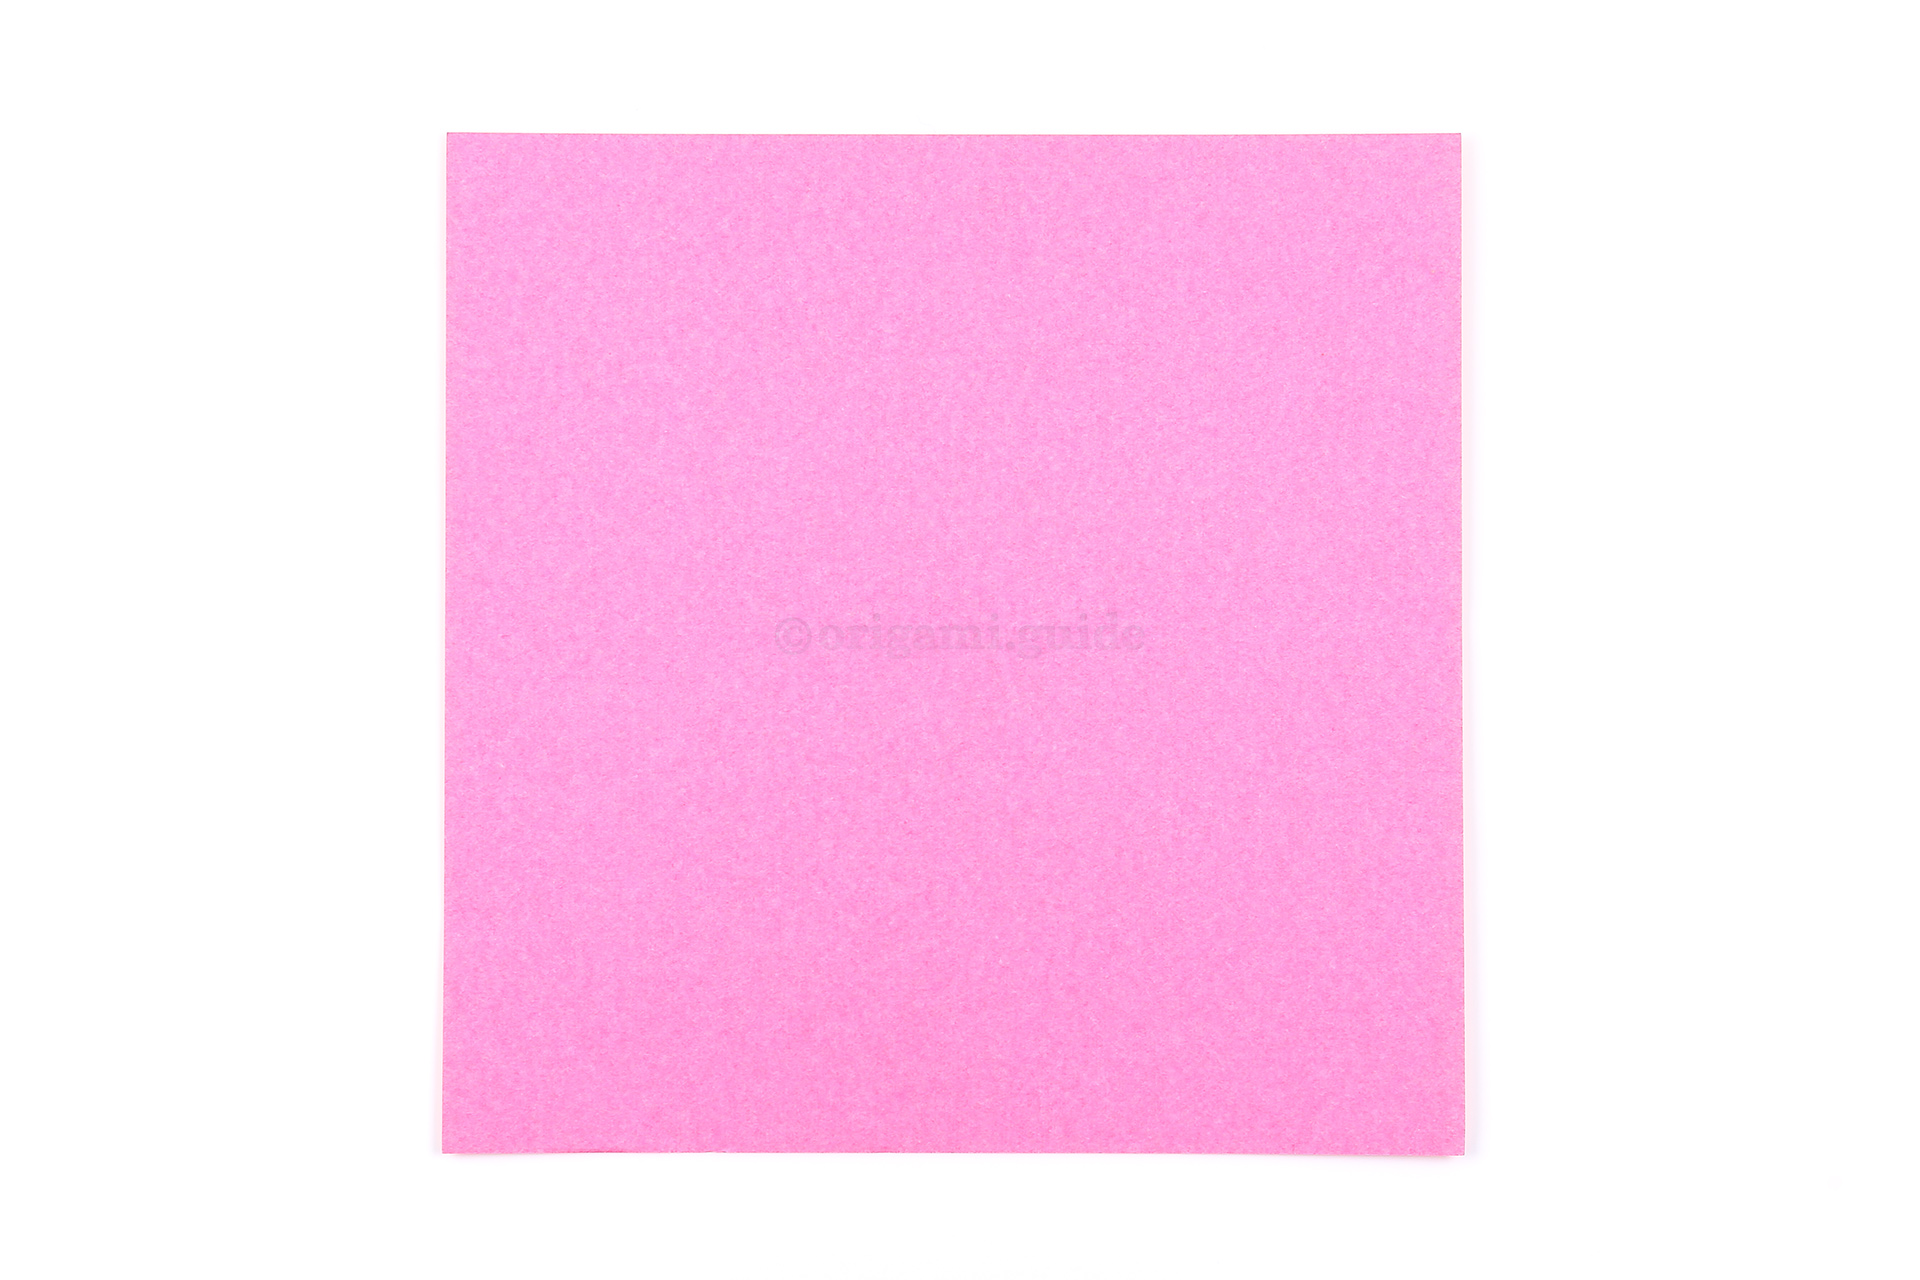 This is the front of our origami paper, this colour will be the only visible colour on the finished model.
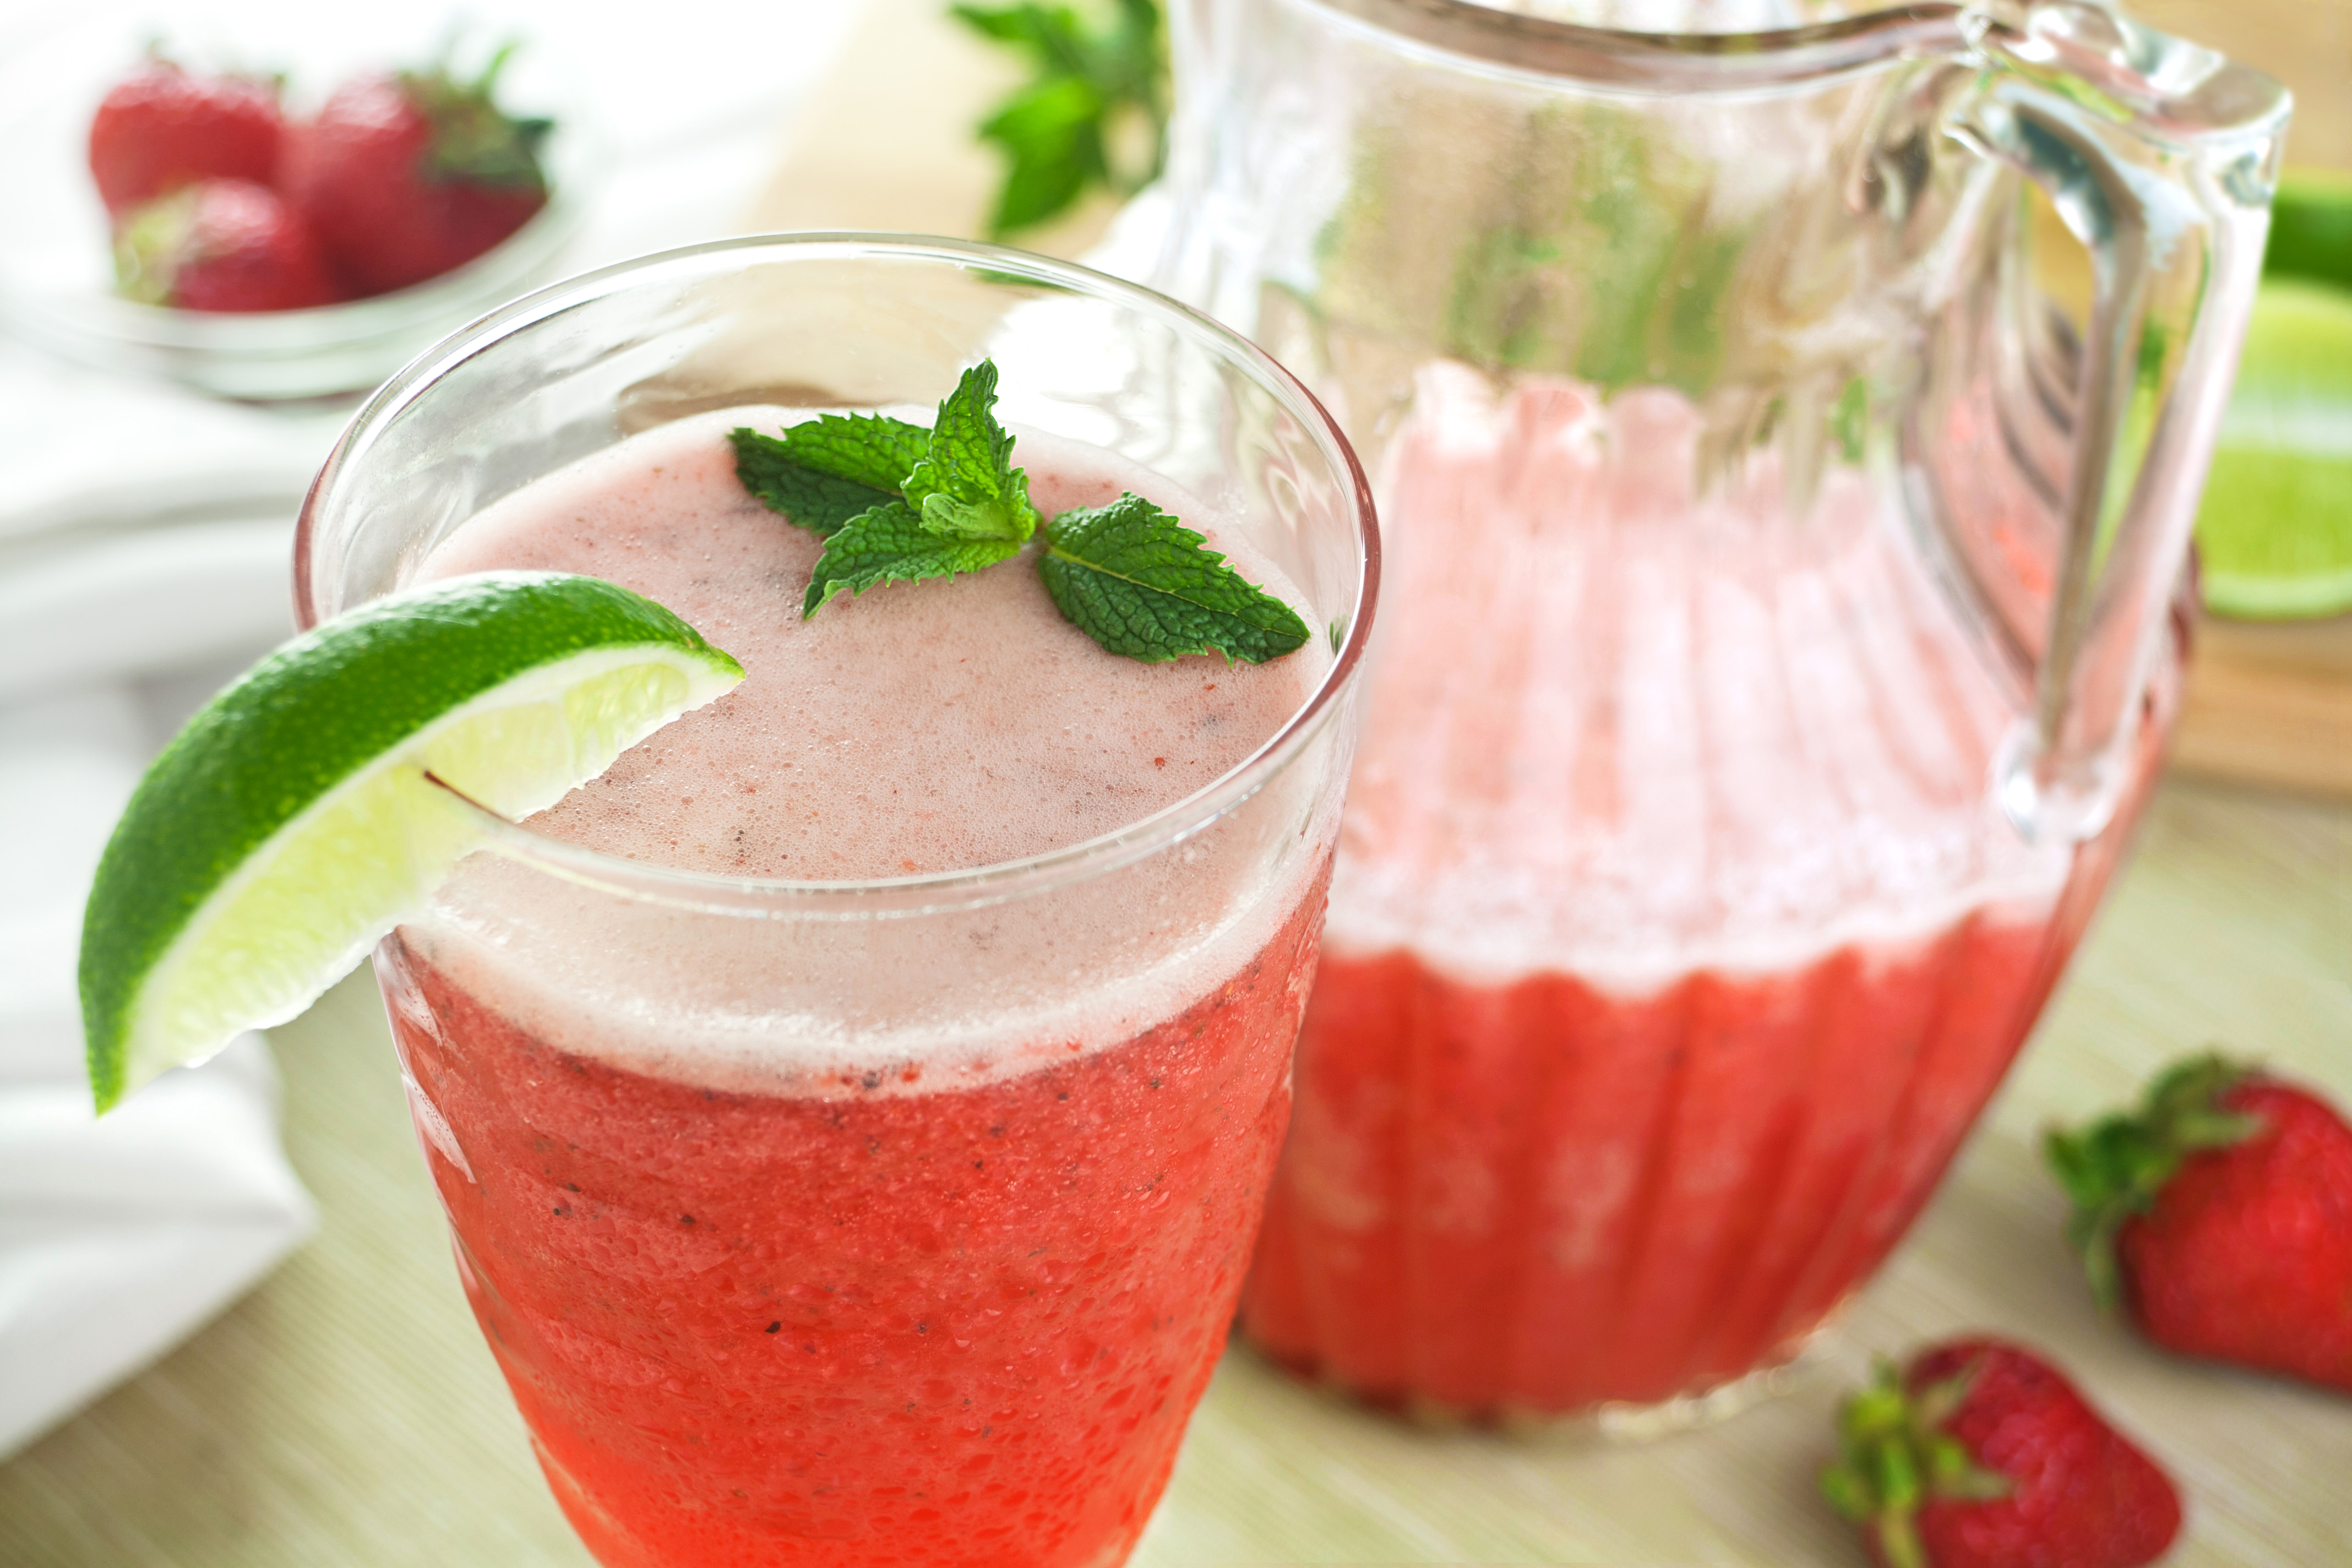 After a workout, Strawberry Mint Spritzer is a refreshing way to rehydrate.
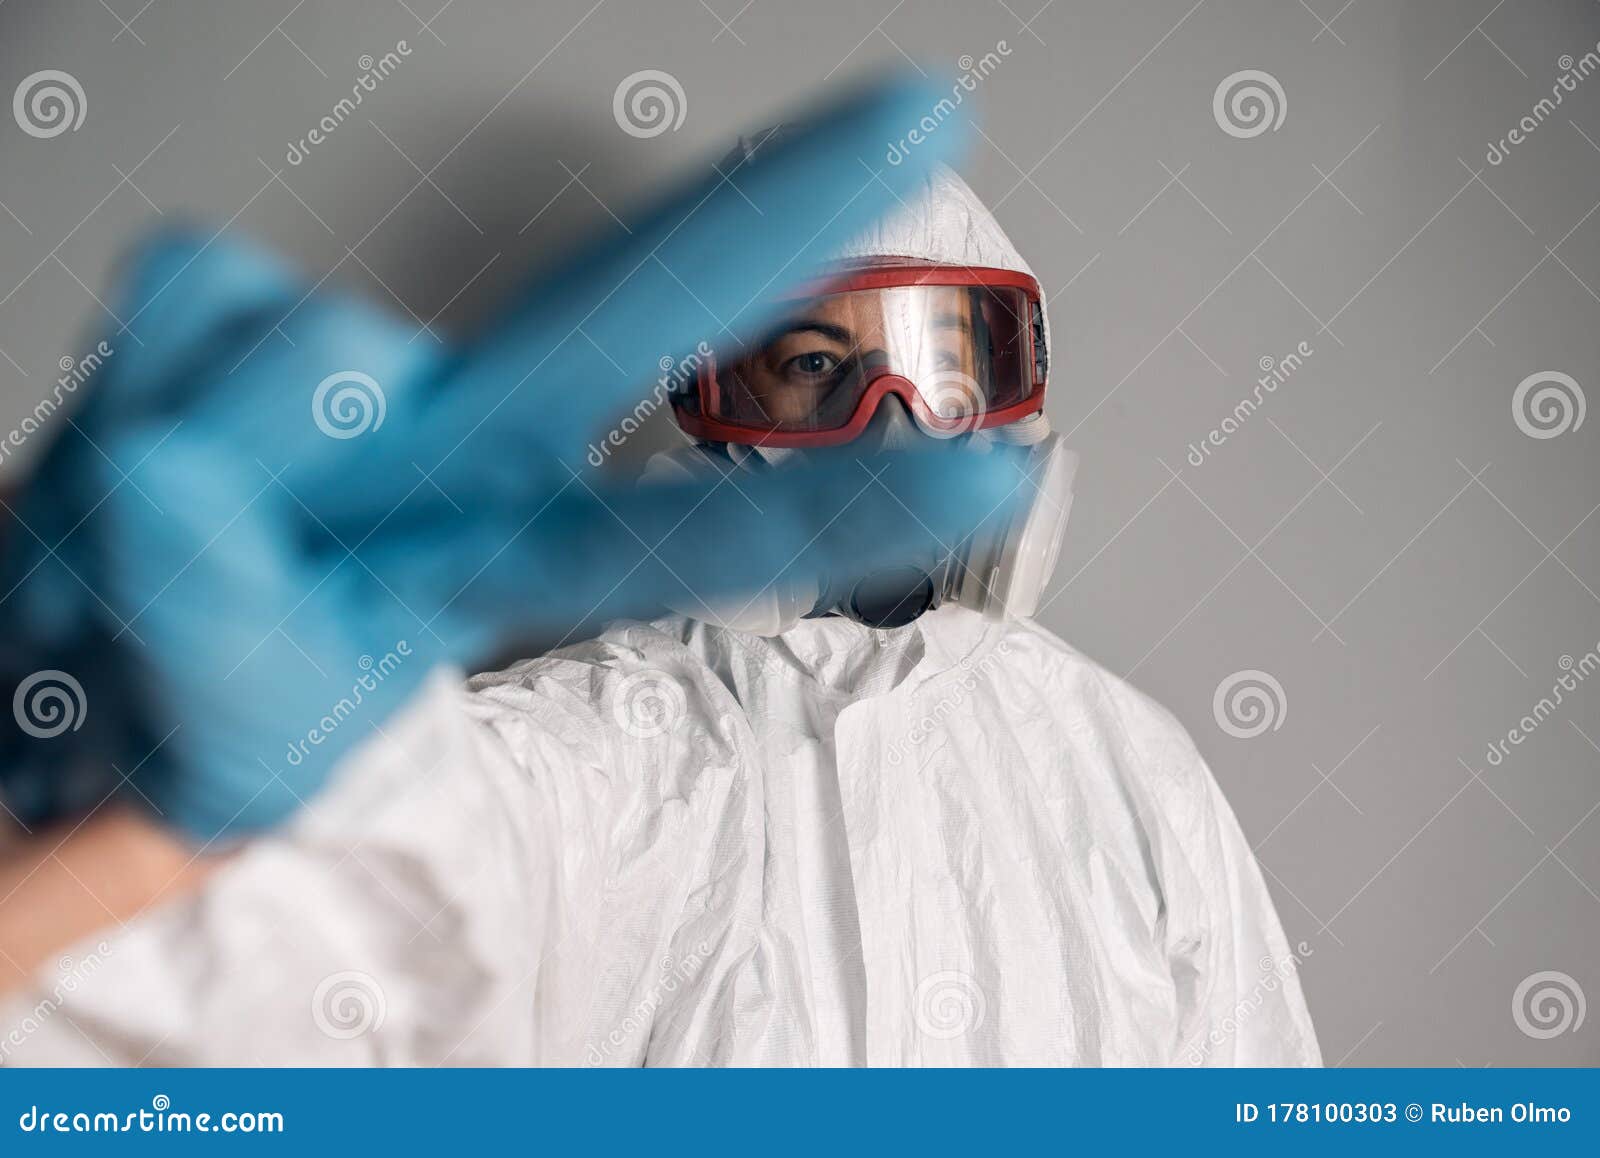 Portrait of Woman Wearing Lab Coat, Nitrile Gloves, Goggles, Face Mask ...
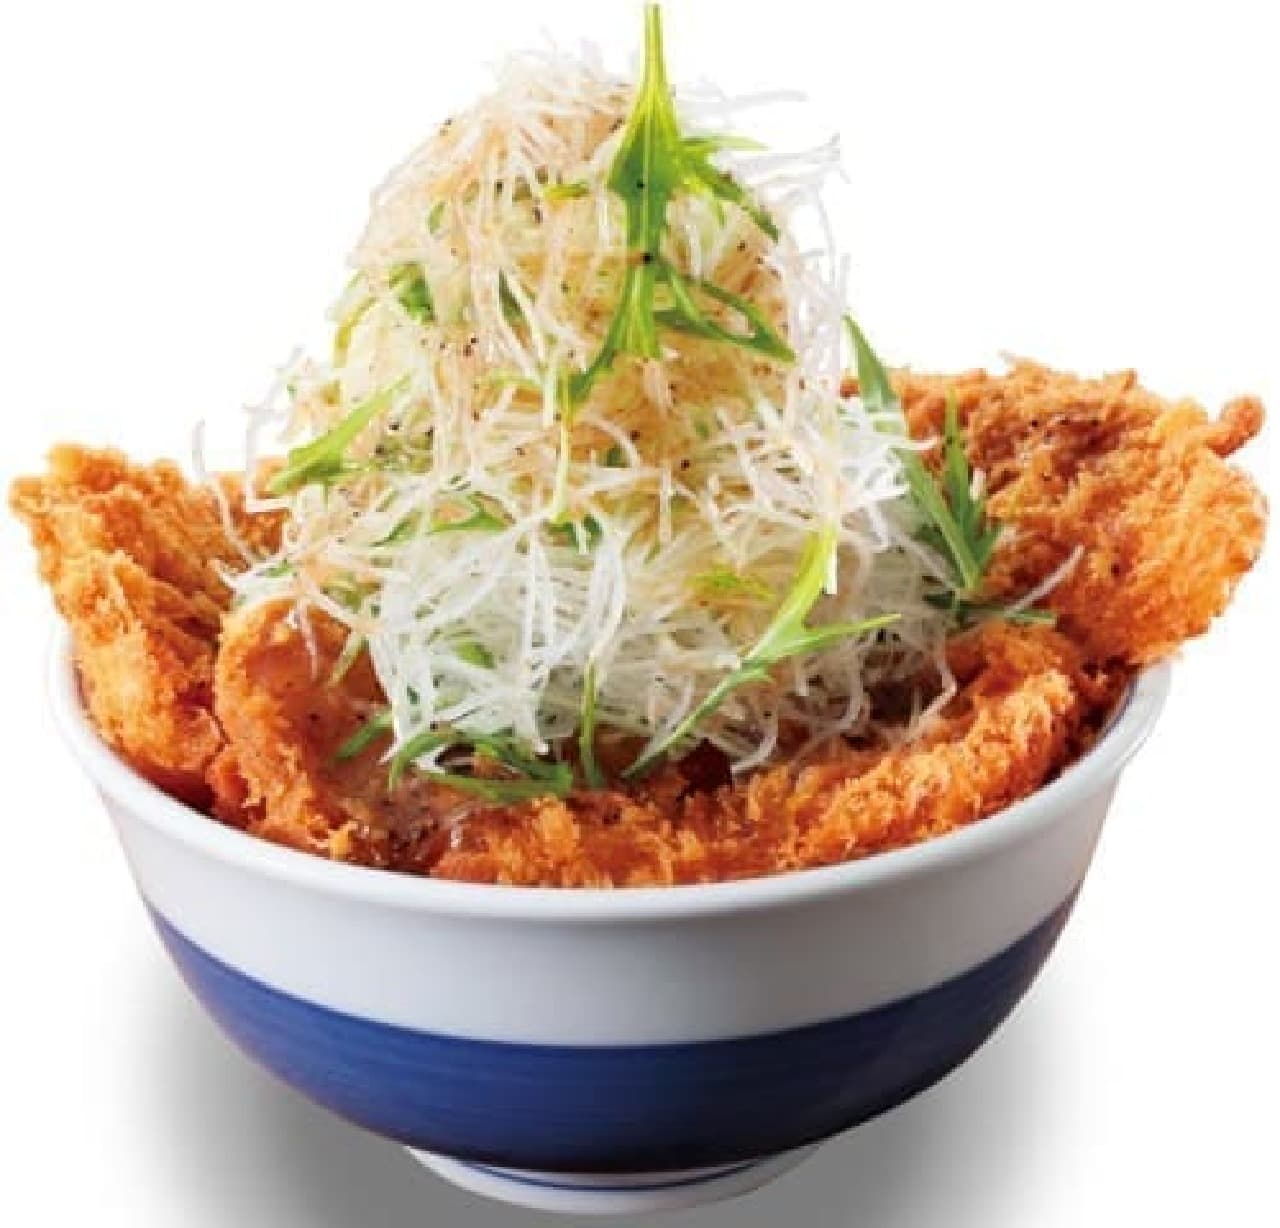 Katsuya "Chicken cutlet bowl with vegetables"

________

§ TASK BRIEF
Within the listing above, find the line containing "Portrait of Woman", then print it and every line after it exactly, leaving out pictures.

§ TASK RESULT
 Portrait of Woman Wearing Lab Coat, Nitrile Gloves, Goggles, Face Mask ...
 Katsuya "Chicken cutlet bowl with vegetables"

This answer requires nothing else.